Simple prediction
A simple way
Is it possible to get a prediction that is close to the one computed by Daniele’s algorithm (or by the consequent formula) and to do it in a simple way? Here is an attempt.
I computed the linear regression between predicted score and the following value (let’s call it “scoring ratio”): [current_score / (age – 18)].
The result is that
predicted_score = (9.9951 * scoring_ratio) + 11.857
In other words, and with some approximation:
[current_score * 10 / (age – 18)] + 12
Let’s call it “simple prediction”.
The R-squared is 0.8084, so it is not a bad fit.
Here is the graph (full resolution):
Players that the simple prediction underestimates most:
Player | Real prediction | Simple prediction | Difference |
---|---|---|---|
Valbuena | 78.52 | 53.36 | 25.16 |
Griezmann | 67.78 | 46.59 | 21.09 |
Matuidi | 70.16 | 49.86 | 20.30 |
Players that the simple prediction overestimates most:
Player | Real prediction | Simple prediction | Difference |
---|---|---|---|
Neymar | 157.35 | 207.33 | -49.98 |
Lucas Moura | 48.55 | 87.19 | -38.64 |
Goetze | 106.12 | 127.54 | -21.42 |
If you check the (real_prediction / simple_prediction) quotient, all the extreme values are uncapped players. As a matter of fact, for an an uncapped young player like Gabriel the real prediction is more than twice the simple prediction (24.63 vs. 11.86), while an old uncapped player like Arteta is given 11.86 points by the simple prediction but 0.00 by the real one (so the quotient is 0.00).
A simpler way?
But can it get even simpler? Well, one can consider a simpler scoring_ratio:
current_score / age
(i.e. no more subtracting 18 from the age).

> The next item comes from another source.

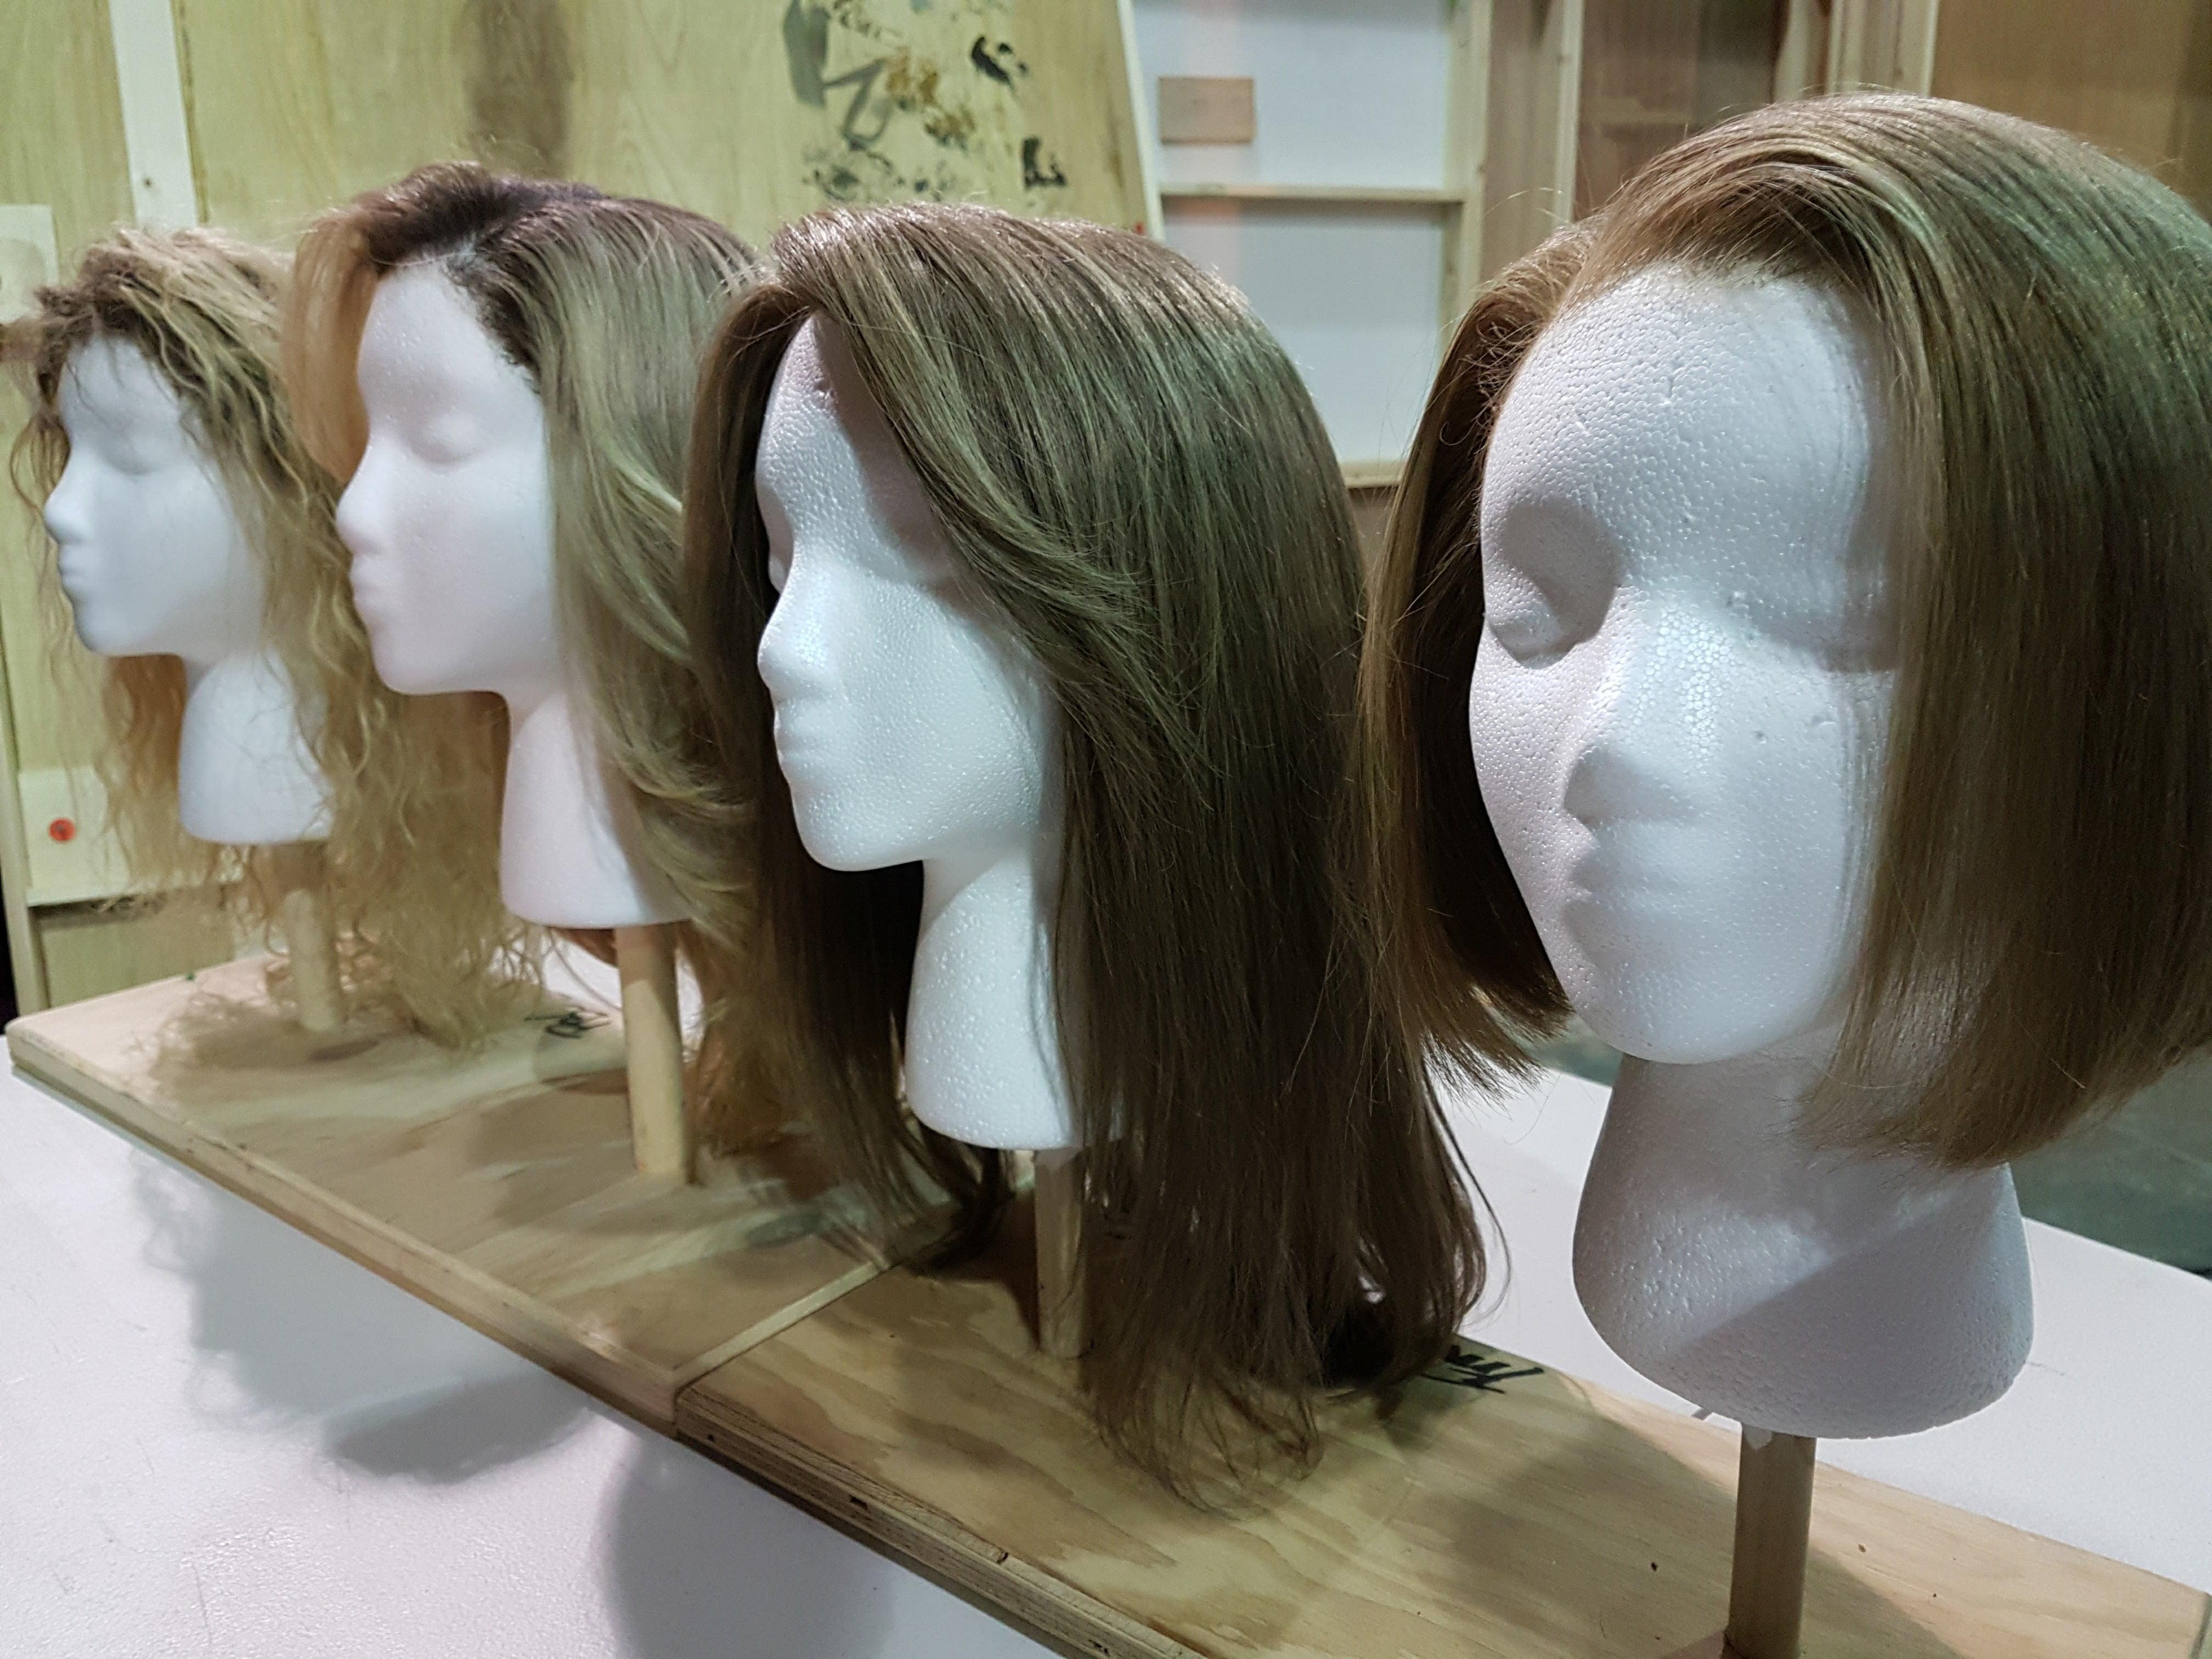 Tatiana Maslany character wigs

The R-squared doesn’t drop much: 0.7916.
Here is the graph (full resolution):
Let’s review the same data as above… Formula:
predicted_score = (33.597 * scoring_ratio) + 11.757
Players that the simpler prediction underestimates most:
Player | Real prediction | Simpler prediction | Difference |
---|---|---|---|
Sterling | 63.50 | 36.55 | 26.95 |
Griezmann | 67.78 | 41.10 | 26.58 |
Depay | 65.19 | 38.77 | 26.42 |
Players that the simpler prediction overestimates most:
Player | Real prediction | Simpler prediction | Difference |
---|---|---|---|
Elia | 27.00 | 47.57 | -20.57 |
Montolivo | 59.00 | 78.47 | -19.47 |
Llorente | 28.00 | 46.35 | -18.35 |
Indeed this ranking is a list of the players who played had more than a few caps (hence a high scoring ratio, i.e. a high simpler prediction) but have fallen out of grace (hence a low real prediction, since it uses points in the last 12 months): after the three cited players, there are Young, Navas, Alexandre Pato, Diaby, Gomis, Lucas Leiva, Criscito, Negredo, Rami…
How did the simple (not simpler!) prediction rate these players?
Player | Real prediction | Simpler prediction | Simple prediction |
---|---|---|---|
Elia | 27.00 | 47.57 | 41.41 |
Montolivo | 59.00 | 78.47 | 60.95 |
Llorente | 28.00 | 46.35 | 37.44 |
And again, the highest and lowest (real/prediction / simpler_prediction) quotients are dominated by uncapped players.
Conclusion
Well, I had fun running this experiment, but it is really useless.